The Legend of Korra Book 3: Change was a fantastic season with a great villain and a plot that was fast-paced and full of tension when it needed to be, but also slowed down and allowed all our characters to grow in a way we haven’t seen before. All the action scenes were some of the best we’ve ever gotten from the Avatar universe. It was the first season of the show I wanted to watch rewatch right after finishing it. My only problem with this season was that it was too short. I wanted to see more episodes of either our team bonding or developing individually.

The Legend of Korra Book 3: Change gets four and a half out of five quotes from the great airbending Guru Laghima.

Mara Fabella is a visual artist, writer, retired martial artist, yoga practitioner, booper of cat noses, and lifelong lover of mint chocolate chip ice cream.


  1. Book 3 is the first of Korra's seasons that I felt actually began to rival Last Airbender's. It's just so good.

  2. I'm so glad you enjoyed season 3! Zaheer, imo, is the best baddie of the series. He's really scary. I love that airbending came back into the world! I've always wondered if the world of Pro-Bending altered after this. Like did they introduce airbending into the arena? Or were all the airbenders too focused on Air Temple Island. The baby bison are unpardonably cute. I love the character development Bolin got. lavabending, baby! I loved his and Mako's grandmother too. I think I prefer season 4 to this one because I relate to Korra's arc more in that season but this one's really good too.

  3. Unknown - This season was amazing!

    sunbunny - I really loved this season. And yeah, a big part of that was because of Zaheer and the Red Lotus. I loved that Zaheer wasn't a stereotypical villain and that his motivations were pretty clear throughout the season. And watching him and his own dark team avatar was so much fun! I loved each member's unique introduction.

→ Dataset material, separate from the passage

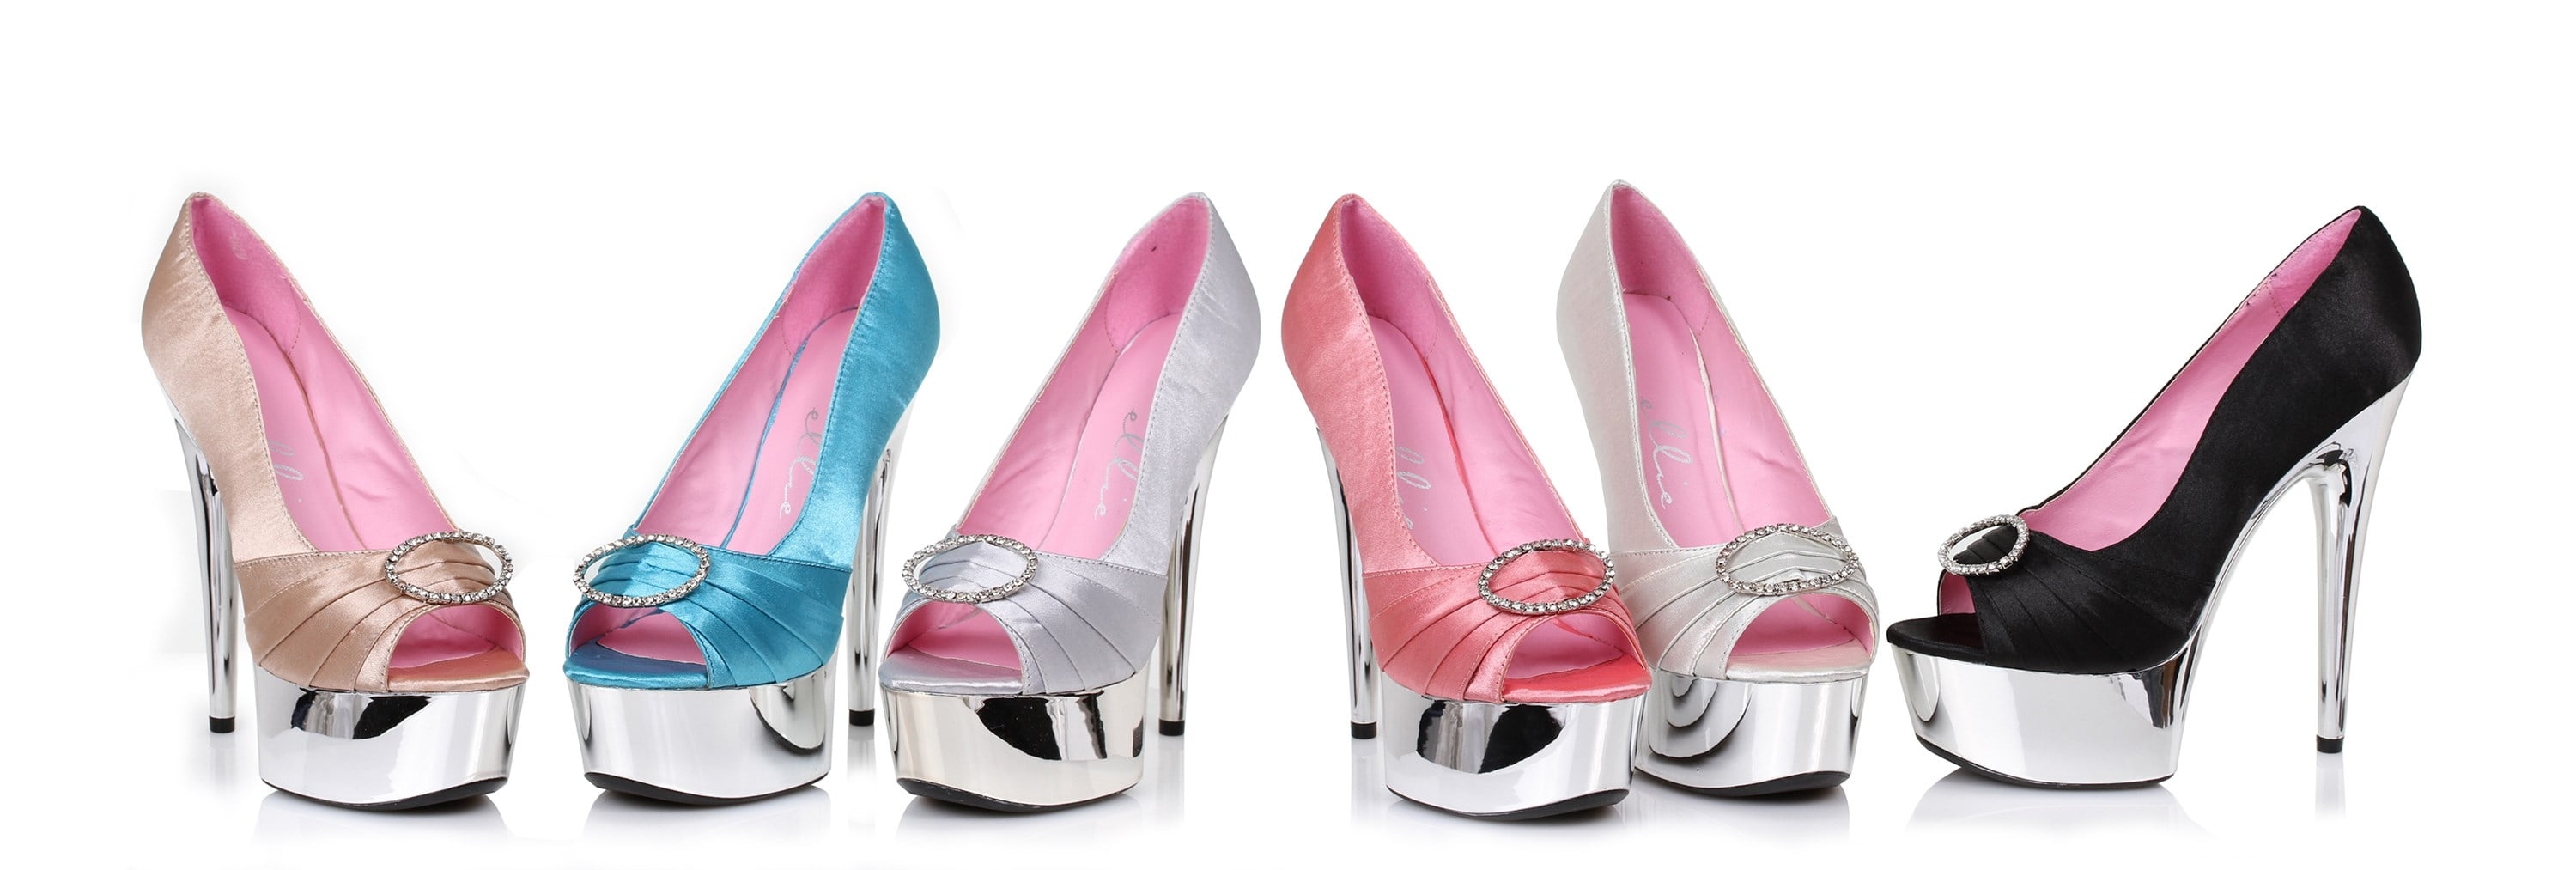 ELLIE Shoes Strappy Sandal Open Toe Platform Ankle Heels Buckles 609-UNA Pink-9 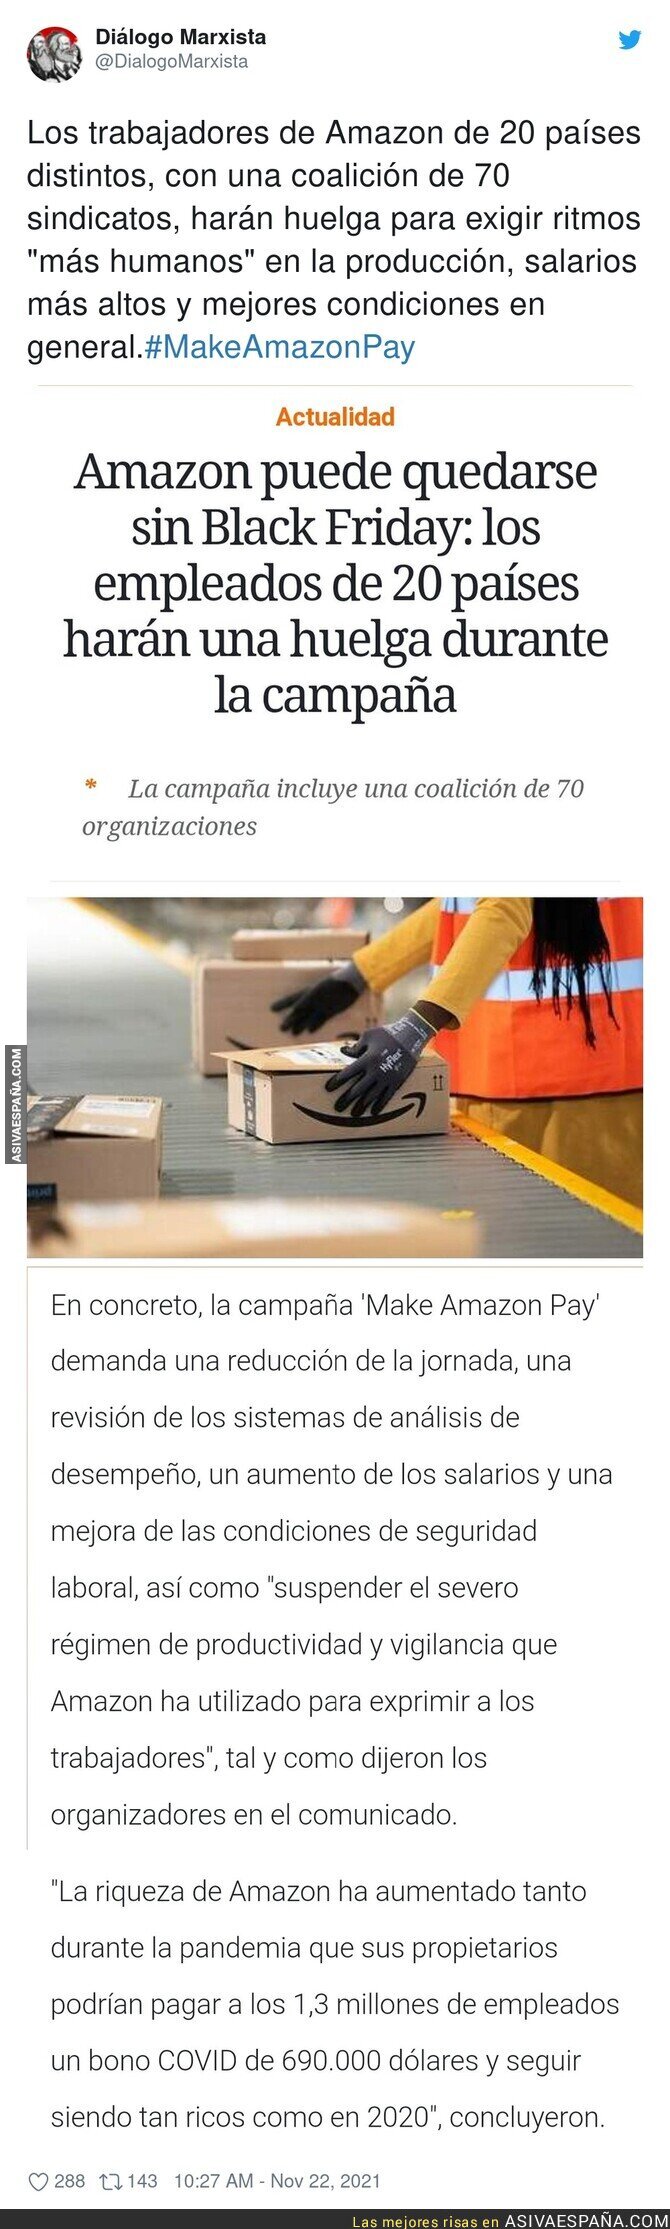 La huelga que prometen los trabajadores de Amazon durante la campaña del Black Friday

    Same sentiments about Pro-Bending. Something tells me the airbenders (or at least Tenzin's airbenders) would abide by their oath of non-violence. But since he did give the captured airbenders a choice whether they wanted to go with him or not, I guess there are still some out in the world who may want to try the sport? It would be cool to see how they might have integrated a fourth element.

    Bolin as a lavabender was such a cool twist! I love how fluid (literally) a bending style it is, especially considering it's a subset of earthbending. I also liked how his and Mako's family storyline wasn't abandoned after their first encounter. That they still went back for them, and you can even see their grandma at Jinora's ceremony!

    I feel like Korra's arc from now on is split into two seasons, with this being the first half. I enjoyed how more relaxed Korra was in the first half of the season, considering how darkly this one ends for her.